The proposed N6 Galway City Ring Road is approximately 18 km long and will connect the existing N6 at Coolagh Junction in Doughiska in the east of the city with the R336 Coast Road west of Bearna. The route consists of both dual and single carriageway sections, as well as several tunnels, viaducts and a bridge over the River Corrib.

Starting at Coolagh Junction, the road will proceed westwards, passing through the Galway Racecourse Tunnel to an interchange with the N83 Tuam Road. From there it will run through Castlegar, meet at a junction with the N84 Headford Road and onto another tunnel, passing beneath the Lackagh Quarry. After that, it will run on a 320m viaduct through Menlo and onto a 620m long bridge across the River Corrib, continuing on through Dangan and Bushypark to Letteragh Junction, with a link road connecting it to Knocknacarra and the N59. After a crossroads with the Ballymoneen Road, it will continue on as a single carriageway with another junction at the Cappagh Road and a roundabout in Bearna East before finally finishing at the R336 Coast Road, approximately 2 km west of Bearna village.

== Controversy ==
Critics argue that the proposed road would be in breach of climate legislation and the funding could be better spent on public transport and active travel. Another concern is that the road will not fix the traffic congestion and may instead induce additional car traffic, thereby increasing carbon emissions.

=== Environment ===
The route passes through the Lough Corrib SAC. There have been concerns that the road will destroy the habitat and negatively impact wildlife and biodiversity.

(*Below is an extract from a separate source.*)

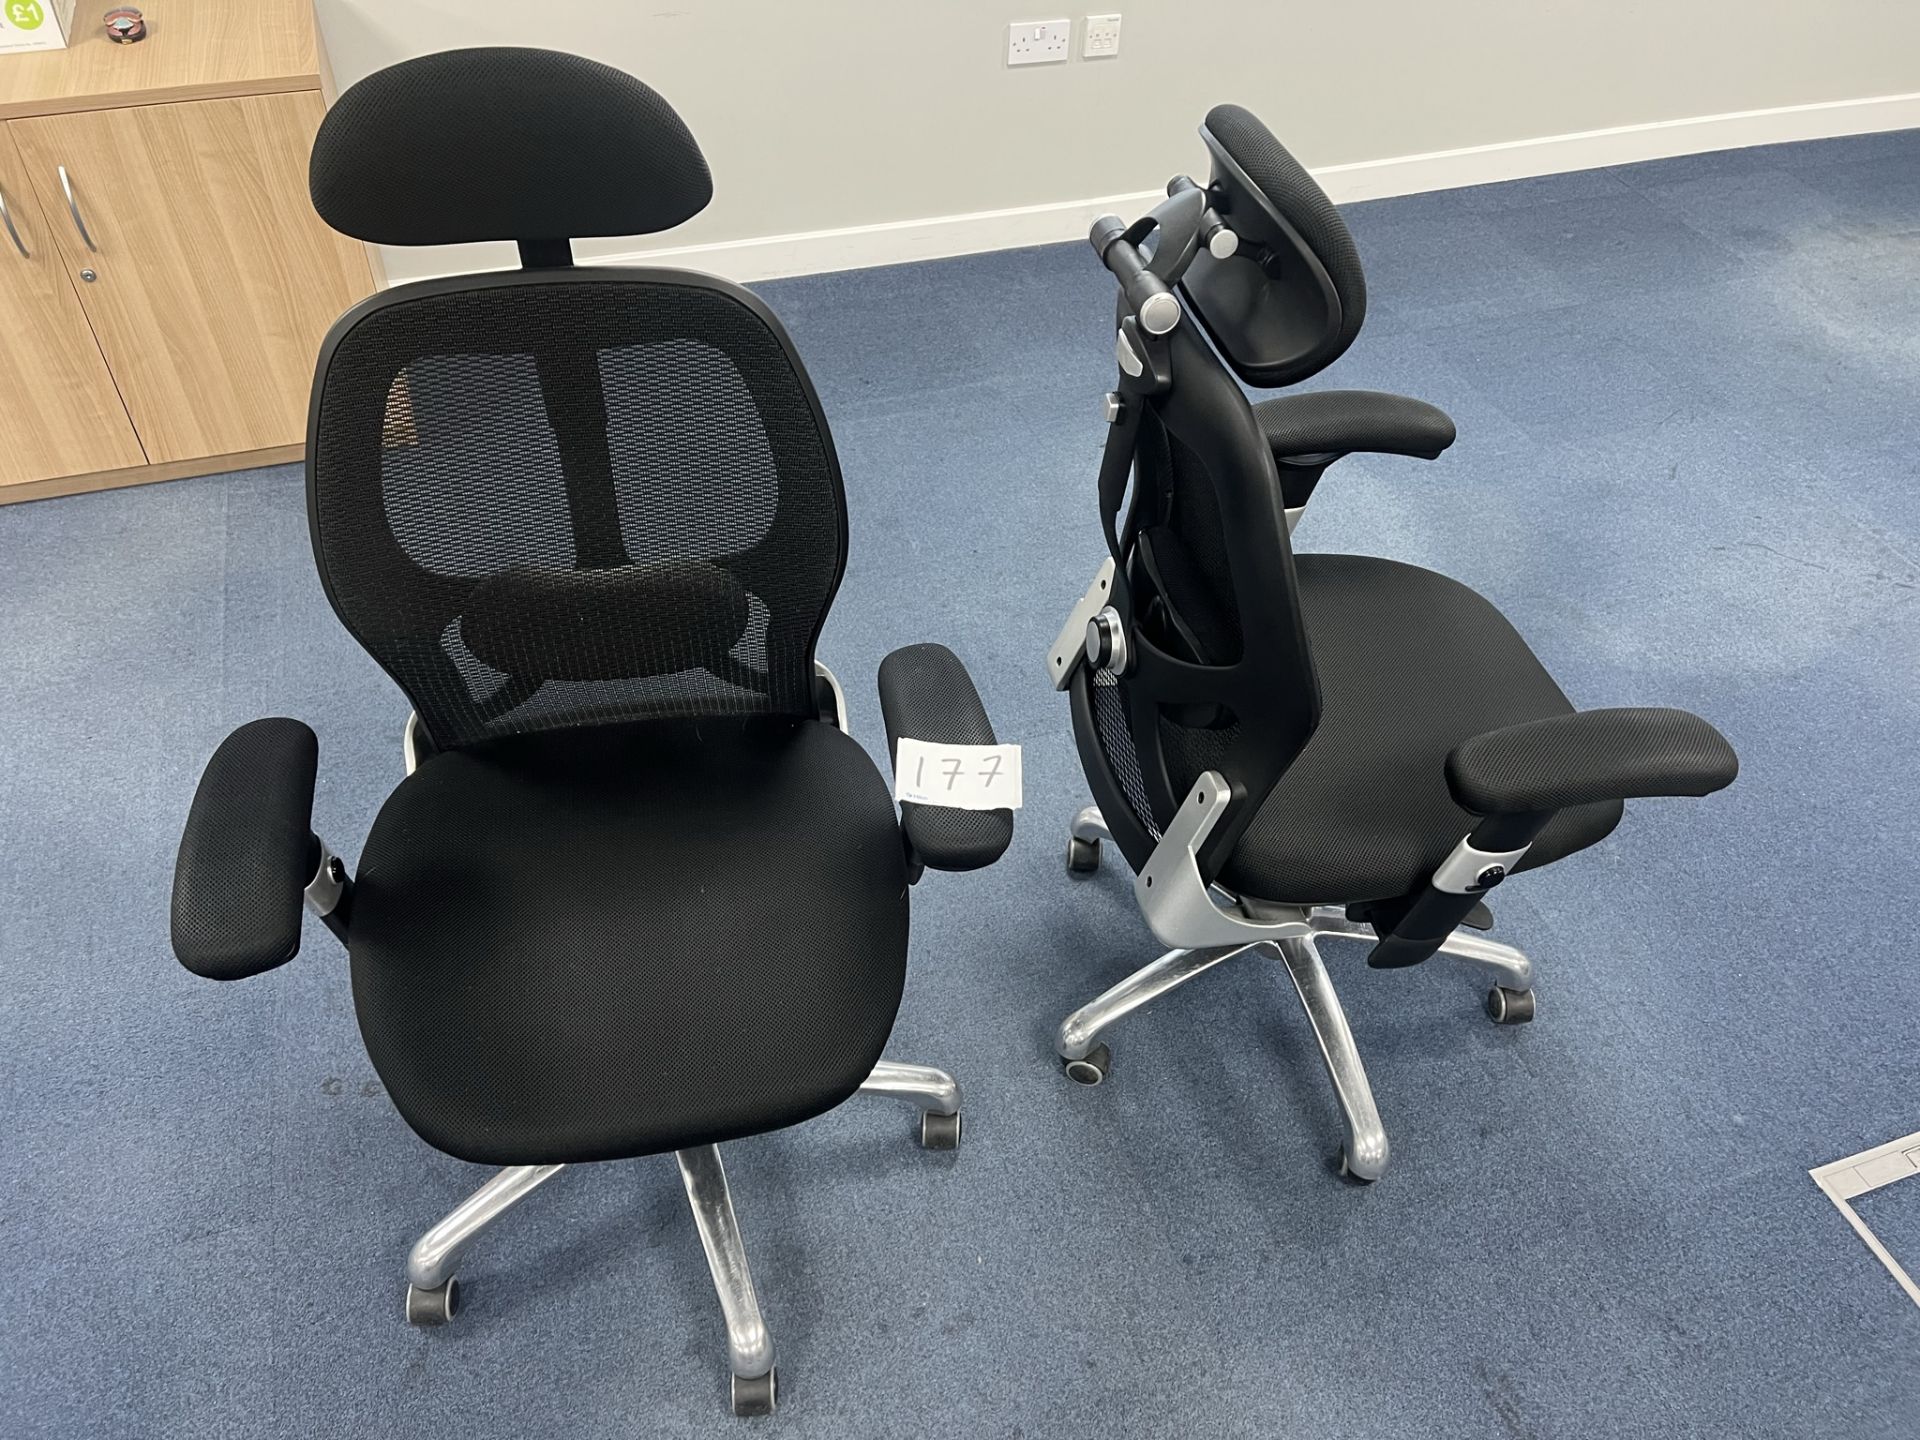 2 Quality Office Chairs

In Tonabrocky, the proposed alignment had to be changed due to the presence of protected bog cotton.

=== Local amenities and property ===
There have been concerns among locals over the loss of local amenities at Dangan Park, which the route passes through.

If built as planned, approximately 50 homes could be slated for demolition, and there has been some controversy over the compulsory purchase order (CPO) process.

=== Route selection and urban sprawl ===
The public consultation and the route selection process undertaken in 2015, generated significant controversy, attracting hundreds of objections to the chosen alignment. Opponents fear that the construction of the chosen route will contribute to further urban sprawl around the city and unsustainable development.

=== Legal challenges ===
Following the partial approval in 2008, two High Court challenges were launched. One of these was later appealed to the Supreme Court in 2013, and following intervention by the European Court of Justice, the Supreme Court sided against the project.

After the revival and subsequent approval of the project in 2021, three judicial reviews were brought against An Bord Pleanala. In 2023, the High Court ruled that the approval was in breach of environmental legislation and the planning application was remitted for fresh consideration.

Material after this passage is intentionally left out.